Ouvrez le logiciel Fidji et le plugin MicrobeJ. Pour l’analyse instantanée, déposez toutes les images correspondant à une diapositive microscope dans la barre de chargement MicrobeJ pour concatenate images et enregistrer le fichier piles d’images obtenues. Pour les données time-lapse, il suffit de laisser tomber la pile d’images dans la barre de chargement de MicrobeJ.

Exécutez la détection automatisée des contours de la cellule en fonction de la segmentation de l’image de contraste de phase et exécutez la détection des nucléoïdes en fonction de la segmentation du signal fluorescent d’ADN souillé. Vérifiez l’exactitude de la détection cellulaire visuellement et utilisez l’outil d’édition MicrobeJ pour la correction si nécessaire. Enregistrez le fichier de résultat obtenu.

Cliquez sur l’icône ResultJ pour compléter l’analyse et obtenir la fenêtre ResultJ. De nombreux types de graphiques de sortie sont générés. Tracez les histogrammes normalisés de la forme ou de la longueur des cellules et du nombre nucléoïde moyen par cellule.

Cette étude a analysé le comportement des cellules K-12 d’Escherichia coli pendant l’exposition transitoire à la céphalexine, un antibiotique qui inhibe spécifiquement la division cellulaire. Les cultures cellulaires qui se développent en présence de céphalexine ont montré des augmentations similaires de l’OD600 à mesure que les cultures non stressées. La concentration des cellules viables n’a pas augmenté quand la céphalexine était présente.

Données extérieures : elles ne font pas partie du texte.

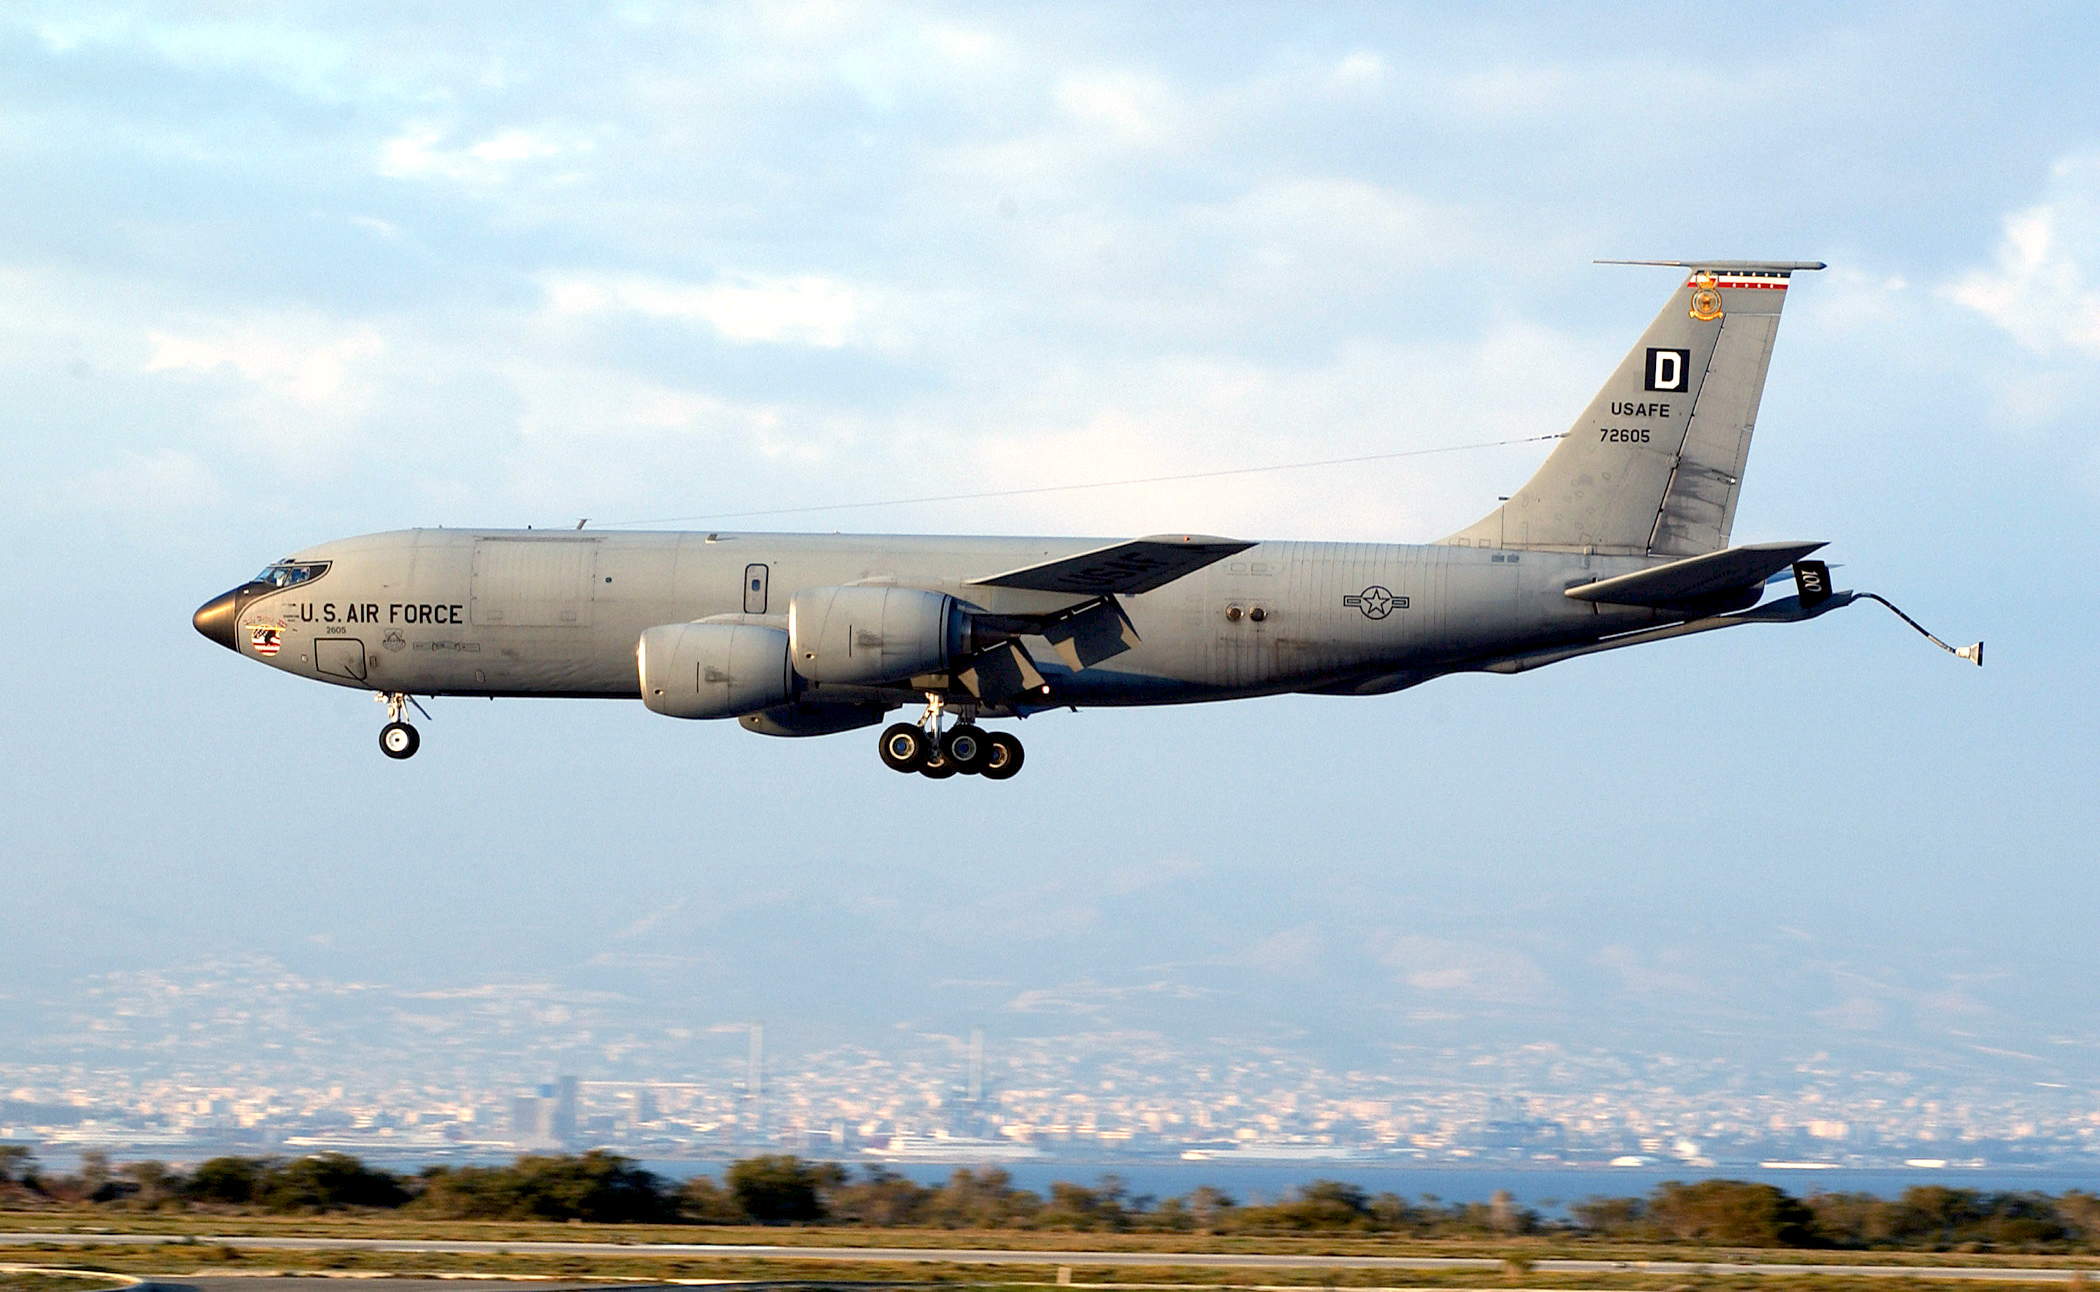 Trolling de nivel 80: Un avión militar estadounidense "dibujó" un pene en el cielo sobre una base aérea rusa
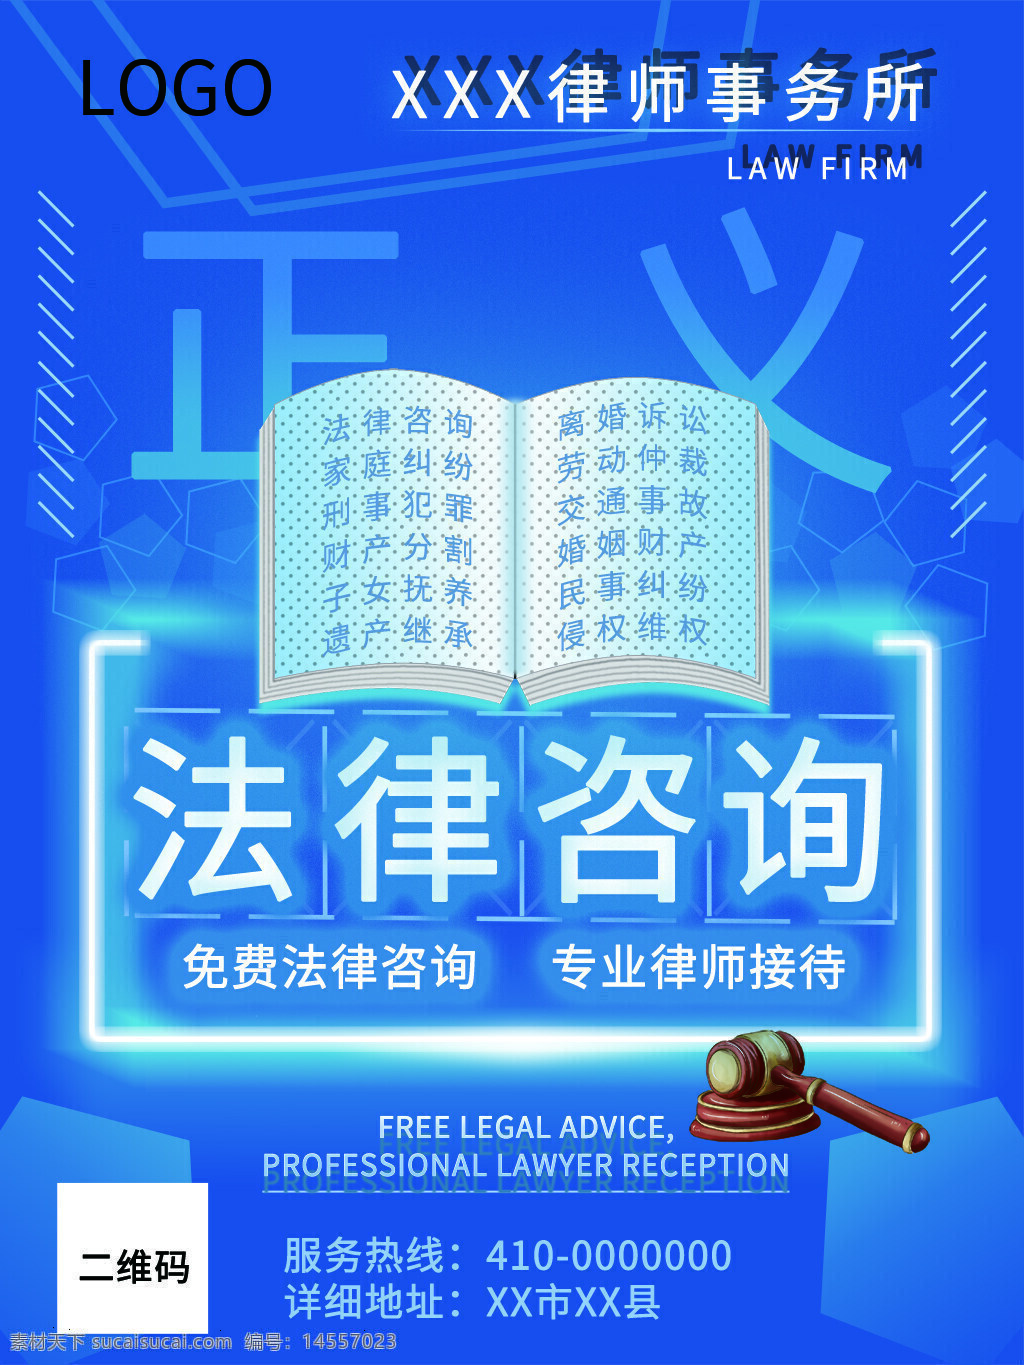 法律 法律咨询 法律海报 蓝色背景 律师事务所

Les cellules ont commencé à se diviser à nouveau lorsque la céphalexine a été enlevée et a finalement atteint une concentration équivalente à la culture non stressée après deux heures. Différentes contraintes ont entraîné un découplage différent des courbes od et CFU par millilitre, selon l’effet induit. L’exposition à la céphalexine a provoqué une augmentation parallèle de la taille des cellules et de la teneur en ADN.

Quand la céphalexine a été enlevée, la taille et la teneur en ADN de cellules de population ont graduellement diminué et sont devenues semblables à la population non stressée après deux heures. La céphalexine a provoqué la formation de longues cellules avec la largeur normale de cellules alors aucun septa de division. L’analyse quantitative de l’image a confirmé l’augmentation de la taille des cellules et de la teneur en ADN.

Les images en accéléré confirment que l’allongement cellulaire et la réplication et la ségrégation chromosomiques n’ont pas été inhibés par l’exposition à la céphalexine. L’analyse de la lignée cellulaire filamentée a montré que la division cellulaire a redémarré environ 20 minutes après avoir emporté le médicament. Il est crucial de s’assurer que la population bactérienne est en pleine croissance exponentielle avant d’induire des traitements contre le stress.

Le traitement induisant le stress utilisé pour ces approches pourrait être dangereux pour l’expérimental, comme le composé génotoxique. Alors manipulez le composé soigneusement et portez le gant, le masque, les lunettes, et le manteau de laboratoire.